Tempo aproximado de leitura: 10 minutos
Contexto
Os
meses mais recentes que vivemos – na verdade, mais de um ano – trouxeram muitos
desafios para as relações interpessoais no mundo empresarial, principalmente no
que se refere ao desenvolvimento humano e à formação de equipes.
Com
grande parte do pessoal trabalhando em home office e agora, gradualmente,
com a adoção do “modelo híbrido” (semipresencial), uma importante etapa do desenvolvimento
profissional tem sido prejudicada, mais especificamente a modelagem
profissional – que se dá preponderantemente pela possibilidade dos novos
profissionais absorverem a experiência e a cultura organizacional, de forma
combinada, a partir da observação e interação junto aos profissionais mais experientes.
Sabemos
que a expectativa de resposta desta questão vai além do que pode proporcionar um
treinamento produzido para ser realizado por meio remoto, com possibilidade de
interação entre as partes. Na verdade, ao longo dos anos, a forma natural como
essa modelagem profissional vem se dando, tem levado em consideração como
aspecto mais importante do aprendizado o que é chamado por alguns especialistas
de “absorver pela observação”, processo pelo qual os jovens (ou recém-contratados)
podem aprender sobre a postura diante do trabalho, as normas e as principais
características da cultura de uma empresa.
Nessas condições as pessoas em processo de ambientação ouvem conversas telefônicas com negociações difíceis, vivenciam o grau de proximidade e troca dentro da equipe e entre as diferentes equipes, observam o tempo e o processo para produzir um documento complexo, participam de visitas a clientes para ouvir os desafios e preocupações destes, além de terem oportunidade de receber tarefas diretamente dos mais antigos e obter feedback destes quanto ao conteúdo e à forma esperados na empresa.
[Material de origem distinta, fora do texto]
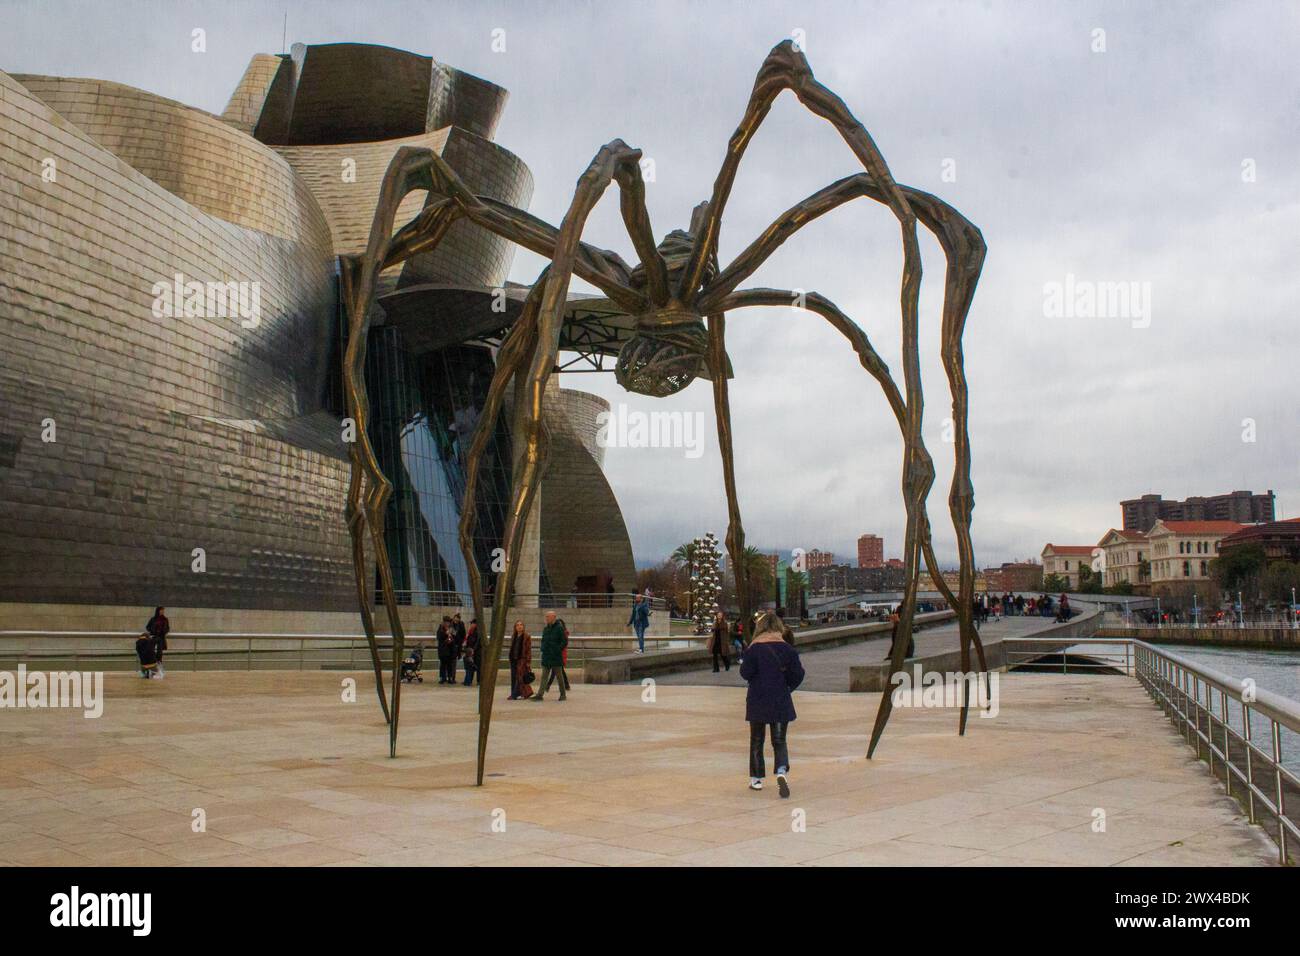 Images du bâtiment du musée Guggenheim à Bilbao, Espagne Banque D'Images

Aprendem pelo conhecimento tácito as normas, a dinâmica e a cultura corporativa e dão também a sua contribuição para a equipe.
Conhecimento tácito
Especialistas,
analisando empresas mundiais, afirmam que o conhecimento não falado, que se
acumula com o tempo, precisa de confiança e familiaridade para fluir e tende a
seguir caminhos já bem consolidados.
Afirmam também que, por serem detentores de imensa quantidade
de conhecimento tácito, os membros mais velhos e experientes das organizações não
tem qualquer prejuízo neste particular por trabalhar em casa. Já aos
trabalhadores mais jovens ou àqueles que acabaram de ingressar em organizações,
a estes faz falta esta forma de entender o que é o lugar, como navegar no
negócio, ou onde o verdadeiro poder está, por trás das hierarquias formais.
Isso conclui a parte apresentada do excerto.